24 August 2018 3min read

GroupBy with KeyPath in Swift 4

One of the best things of modern Swift is the introduction of KeyPath. It allows us to reference getters and setters as first class values in our code. With them you can simplify a bunch of code and make it less error prone. In this post I’m gonna evolve the groupBy function from GroupBy in Swift 2.0 to use this new functionality.

First of all let’s recap what the functionality of groupBy is.

let people = [
    Person(name: "Alex", priority: 1),
    Person(name: "Anna", priority: 1),
    Person(name: "Julian", priority: 1)
]
people.groupBy({ (l: Person, r: Person) -> Bool in
    return l.name.first == r.name.first
})
// Returns:
[
    [
        Person(name: "Alex", priority: 1),
        Person(name: "Anna", priority: 1)
    ],
    [
        Person(name: "Julian", priority: 1)
    ]
]

As you can see the groupBy function takes an array and groups it’s elements in nested arrays based on a condition given by a closure that compares two instances.

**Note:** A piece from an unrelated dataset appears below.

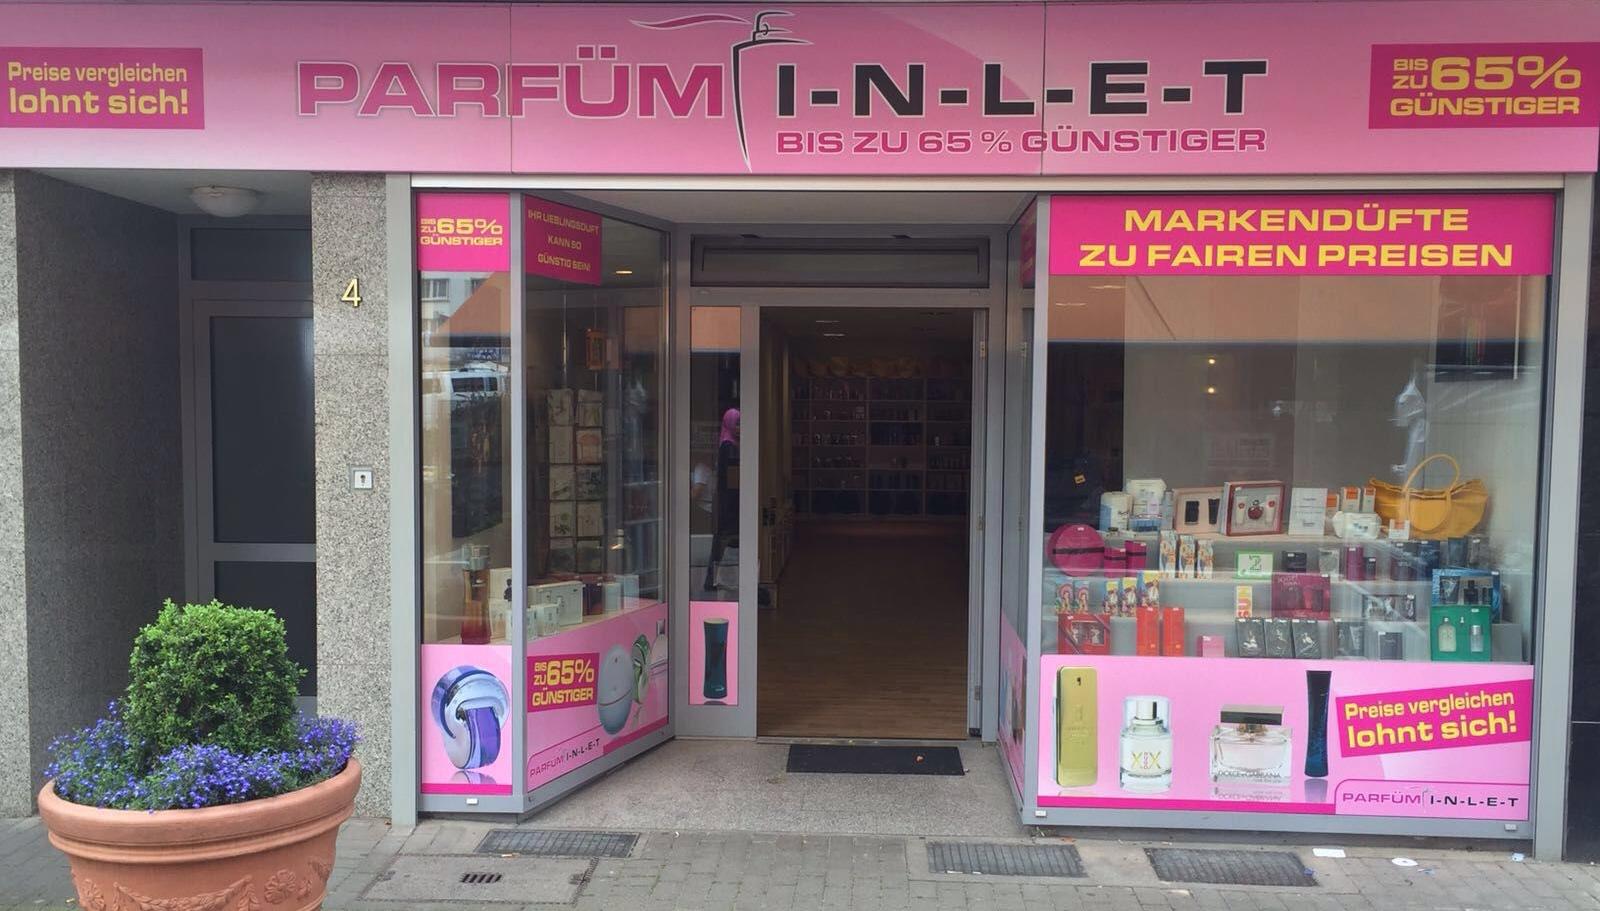 parfum-inlet-gelsenkirchen1

Thanks to Swift extensions we can add this functionality to the Collection protocol itself.

extension Collection {
    public func groupBy(_ grouper: (Element, Element) -> Bool) -> [[Element]] {
        ...
    }
}

The updated source code compatible with Swift 4 is available in GitHub.

Sidenote: grouping with Dictionary

Dictionary now has a generic initialiser init(grouping:by:) that allows us to group the elements of a Sequence.

Dictionary(grouping: people, by: { return $0.name.first })

This initialiser creates a Dictionary where each group is represented by a key and the values of that key are an array of all the elements on that group.

This is an interesting addition but the inconvenience is that we lose the original order of the array.

KeyPath to improve APIs

The original implementation of groupBy has the inconvenience that the given closure accepts two instances of the same object and you need to compare them.

{ (l: Person, r: Person) -> Bool in
    return l.name.first == r.name.first
}

This is the most flexible API possible as you give all the information to the caller to allow the best decision to be taken. But it’s also really error prone. Everytime you see code like this be careful, there is a high chance that you are comparing the same instance!

Here is where KeyPath can be of a great help. Similar to the implementation of the Dictionary initialiser, the goal is to just have to give the property that we want to group by, so we can’t make the error of comparing the wrong instances or values.

The Dictionary initialiser shows us a way, by returning in the closure the Key that needs to be used for grouping. This is also a flexible solution as it allows the caller to return an arbitrary key that it’s not even part of the elements themselves.

But for my use case I prefer the simplicity of KeyPath. I can give the groupBy function a reference to the property that I want to be grouped by. And because KeyPath can drill down the properties of an object we can easily get the first character of a String.

people.groupBy(\Person.name.first)

This call returns the same as the original one with the closure but it’s much shorter and concise. It really expresses the intention of “give me people grouped by first letter of their name”, without the fuss of closure syntax and comparisons.

Remember that you can find the source code in available in GitHub.